As a data scientist, I have had the opportunity to work on a variety of projects where I have made extensive use of geospatial calculations, vector operations, and map visualizations. Specifically, I have experience in tasks such as calculating distances, areas, spatial autocorrelation, clustering, and conducting vector operations such as centroids, buffers, unions, intersections, and differences, among others. I have also developed skills in map visualization techniques such as choropleths, dot density, heatmaps, animations, and interactive visualizations. Additionally, I have experience with raster operations, including georeferencing images, conducting zonal statistics, and analyzing differences over time.
As an Economist, I took specialized courses on causal inference, using experimental and quasi-experimental techniques (difference-in-difference, propensity score matching, synthetic controls, panel data, and instrumental variables).
When working as a consultant for CLEAR-LAC, I had to evaluate the technical quality and statistical robustness of more than 20 impact evaluation reports delivered by external consultants to the IDB (Inter-American Development Bank). These reports included experimental and quasi-experimental methodologies.
When working at LNPP-CIDE, I was in charge of the statistical analysis to evaluate an experimental policy that aimed to increase COVID-19 testing in the Mexico City population sending different SMS messages.

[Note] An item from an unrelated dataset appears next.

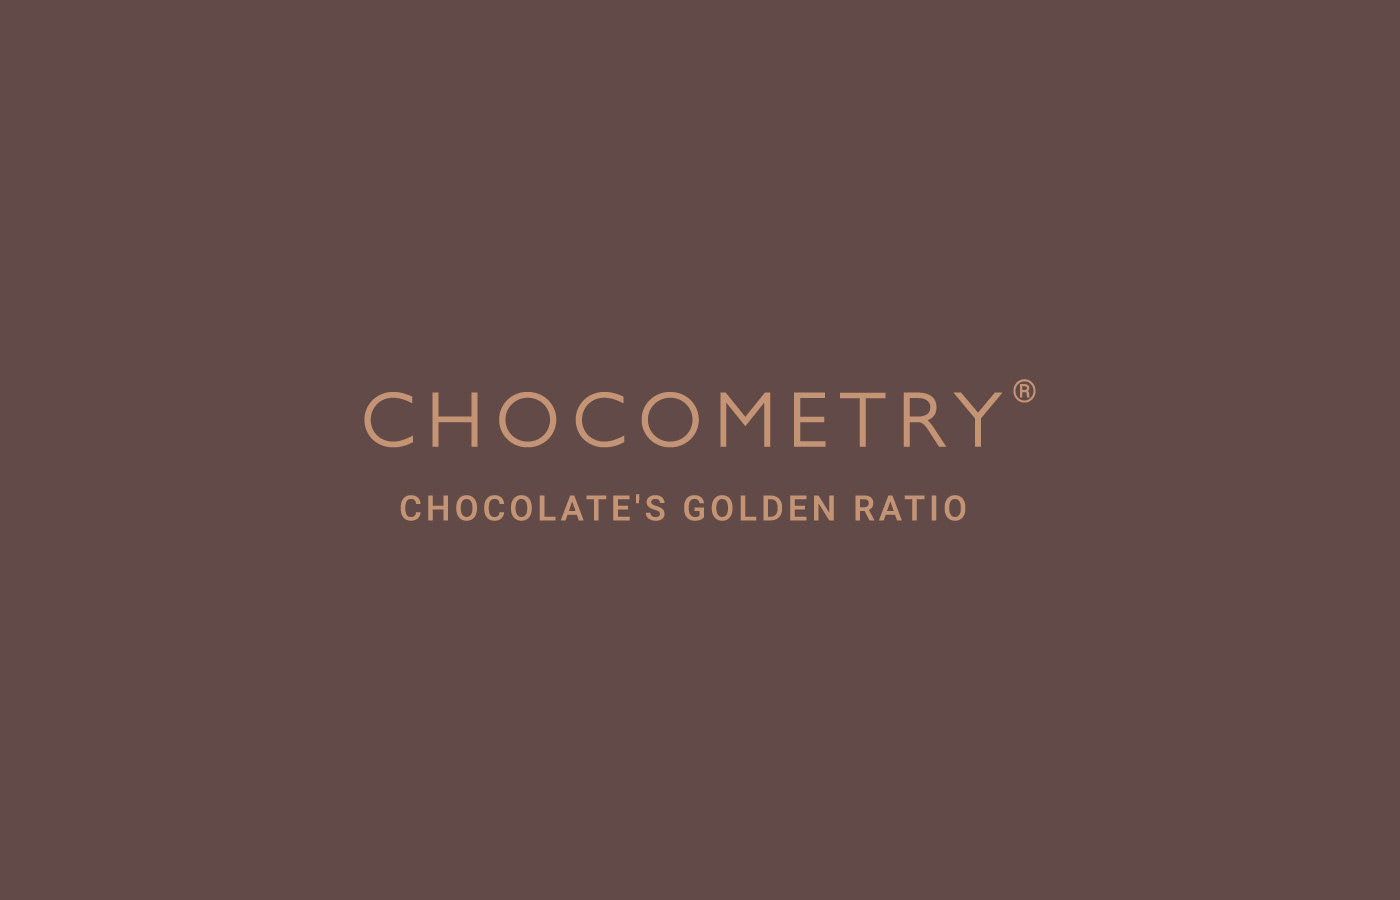 chocolate brand Greece products drink wedesign chocometry

I have worked extensively with texts, analyzing thousands of documents in tasks like:
Preprocess and clean text corpus.
Visualize the most frequent terms.
Search patterns like proper names, addresses, mentions, events, and specific grammatical structures using regular expressions.
Find main topics in a corpus of texts using machine learning techniques like LDA and clustering.
You can check my public repository (in Spanish) for the workshop that I presented to employees of the prosecutor's office of the State of Hidalgo:
As mentioned before, I created a platform for media monitoring for CIDE and, also, another one for finding public procurement.
When working at LNPP-CIDE, I created a platform for updating and querying social and economic indicators and their metadata.
When working at LNPP-CIDE:
I was the only developer (and data scientist), so I learned to deploy my projects using AWS services such as EC2, EBS, RDS, S3, Batch Jobs, Lambda Functions, and more.
For one project, I used Azure services to automate the transcription of audio interviews to text using services such as speech recognition, buckets, and step functions.
As a teacher in Le Wagon, I teach about cloud services using GCP such as VM instances, GCS, and BigQuery.
When working at LNPP-CIDE, I taught Python programming for data management, visualization, and machine learning for 3 years.
I also taught these topics to employees of reputed institutions such as Banco de Mexico (Banxico) , Comisión Federal de Competencia Económica (COFECE), and the prosecutor's office of the State of Hidalgo.
I currently teach the full sequence of Le wagon data science bootcamp, including complex topics such as Deep learning and cloud services.